The examples you provided (with some context gleaned from your other comments)
look like they're probably too long and tack on unnecessary domain specific
detail (e.g. jsonStates).

Both variables in your example would likely be better off describing the use
of the variable rather than the contents. E.g. use ageInYears rather than
yearsAliveInt. Taking it to your example, perhaps something along the lines of
convertedDocument would do, this is significantly shorter than your example,
but perhaps conveys enough info for your ongoing usage.

This is covered to in Clean Code [1]. "The name of a variable, function, or
class, should answer all the big questions. It should tell you why it exists,
what it does, and how it is used." The notes on the naming chapter at [2] are
quite good as well (as noted elsewhere on this thread by @runesoerensen)
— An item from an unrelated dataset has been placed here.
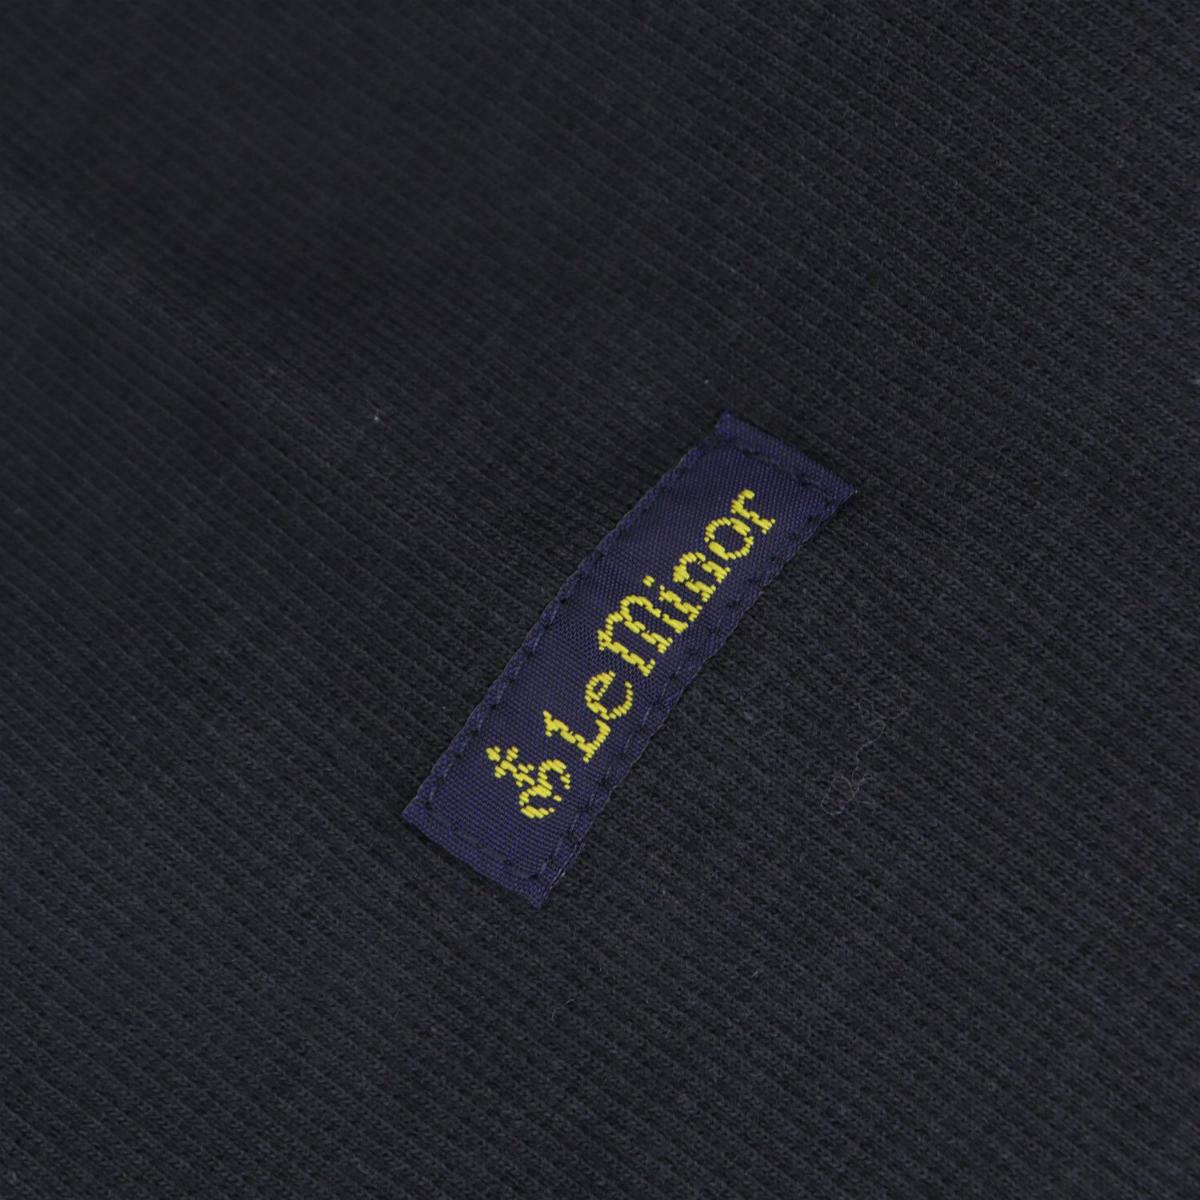 ルミノア Le minor レディース マイクロリブ 2WAY カーディガン LMRIB110 LMN V CARDIGAN CARBONE(ブラック)秋冬新作

I like to follow the principle in naming variables that if I could read the
code to a non-technical user verbatim and have them understand the code, it is
"good code". I.e. does reading the code out loud as a sentence make sense, or
do the verbs and nouns I've chosen act as a barrier to understanding.

EDIT:

Ward Cunningham said that last part better: “You know you are working on clean
code when each routine you read turns out to be pretty much what you expected.
You can call it beautiful code when the code also makes it look like the
language was made for the problem.”

[1] Martin, Robert C. (2008-08-01). Clean Code: A Handbook of Agile Software
Craftsmanship (p. 18). Pearson Education. Kindle Edition.
[https://www.amazon.com/Clean-Code-Handbook-Software-
Craftsma...](https://www.amazon.com/Clean-Code-Handbook-Software-
Craftsmanship/dp/B001GSTOAM)

[2] [http://www.itiseezee.com/?p=83](http://www.itiseezee.com/?p=83)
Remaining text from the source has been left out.